Given data —
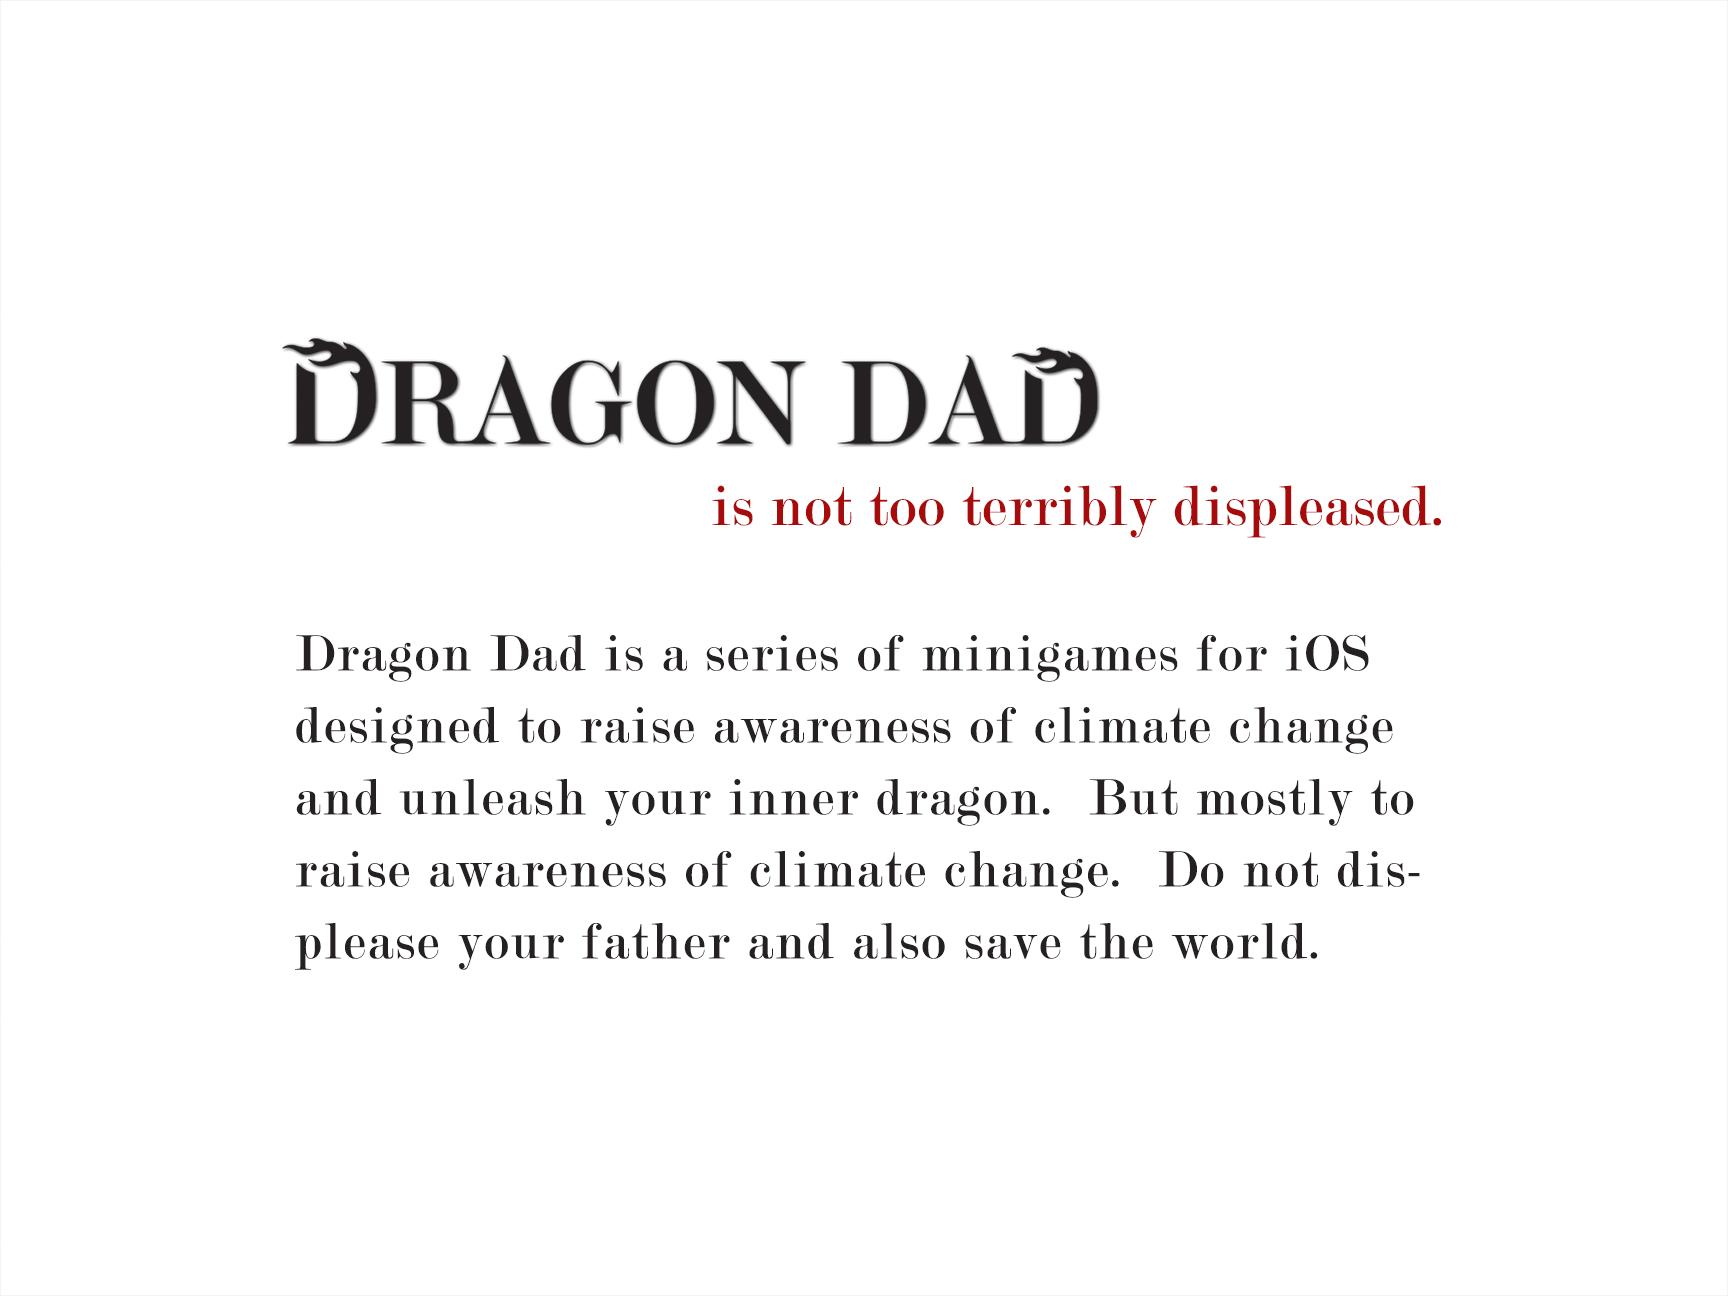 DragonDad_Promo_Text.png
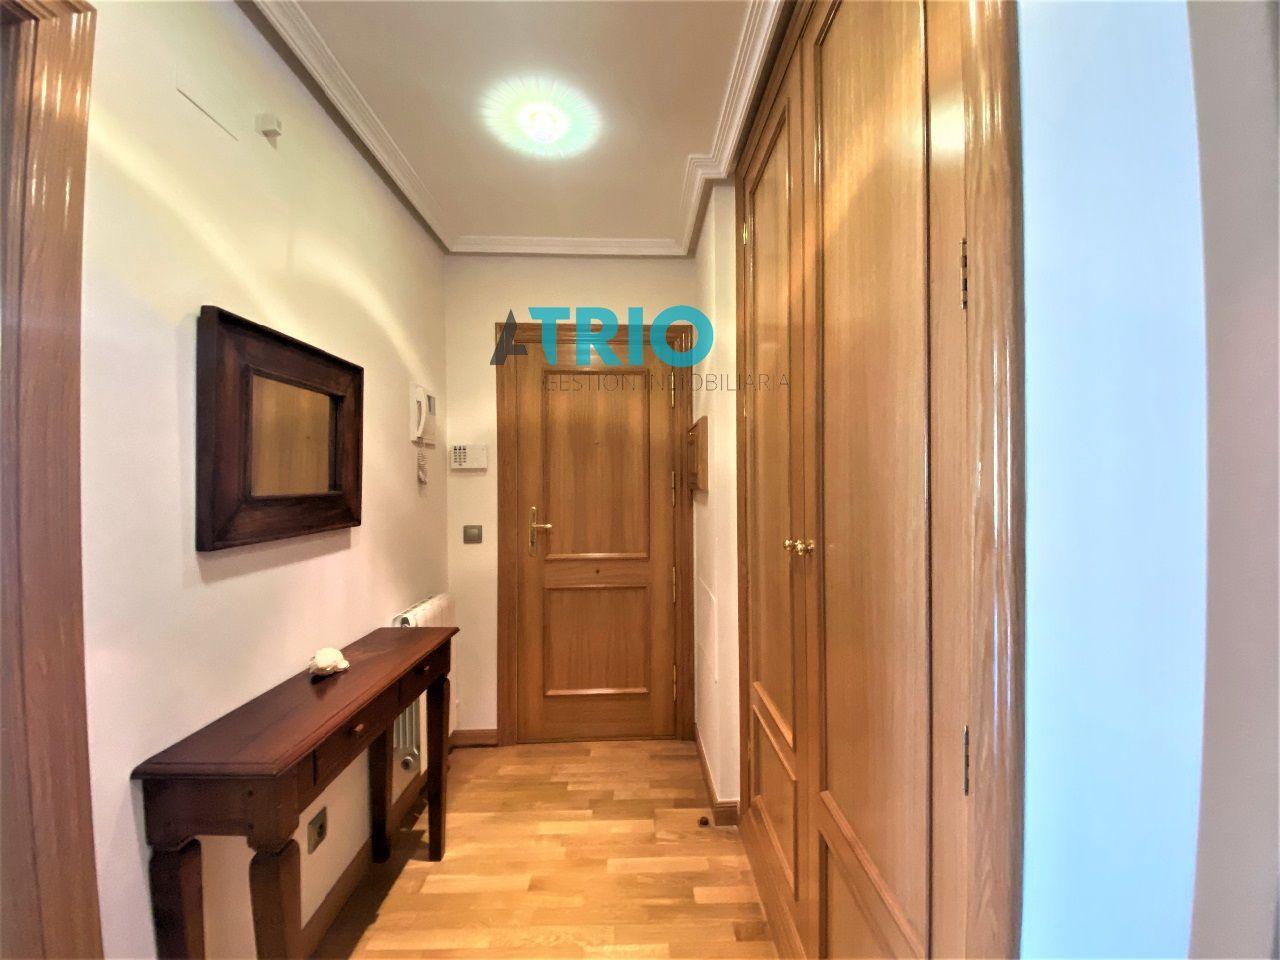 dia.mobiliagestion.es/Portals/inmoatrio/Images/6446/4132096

---

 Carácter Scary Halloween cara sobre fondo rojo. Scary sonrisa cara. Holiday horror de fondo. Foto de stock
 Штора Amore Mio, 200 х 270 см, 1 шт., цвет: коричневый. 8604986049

Instructions to follow — Reproduce exactly the lines above starting at the line containing "DragonDad_Promo_Text.png" and ending at the line containing "dia.mobiliagestion.es/Portals/inmoatrio/Images/6446/4132096", including both, but not the pictures.

Output for this task —
 DragonDad_Promo_Text.png
 dia.mobiliagestion.es/Portals/inmoatrio/Images/6446/4132096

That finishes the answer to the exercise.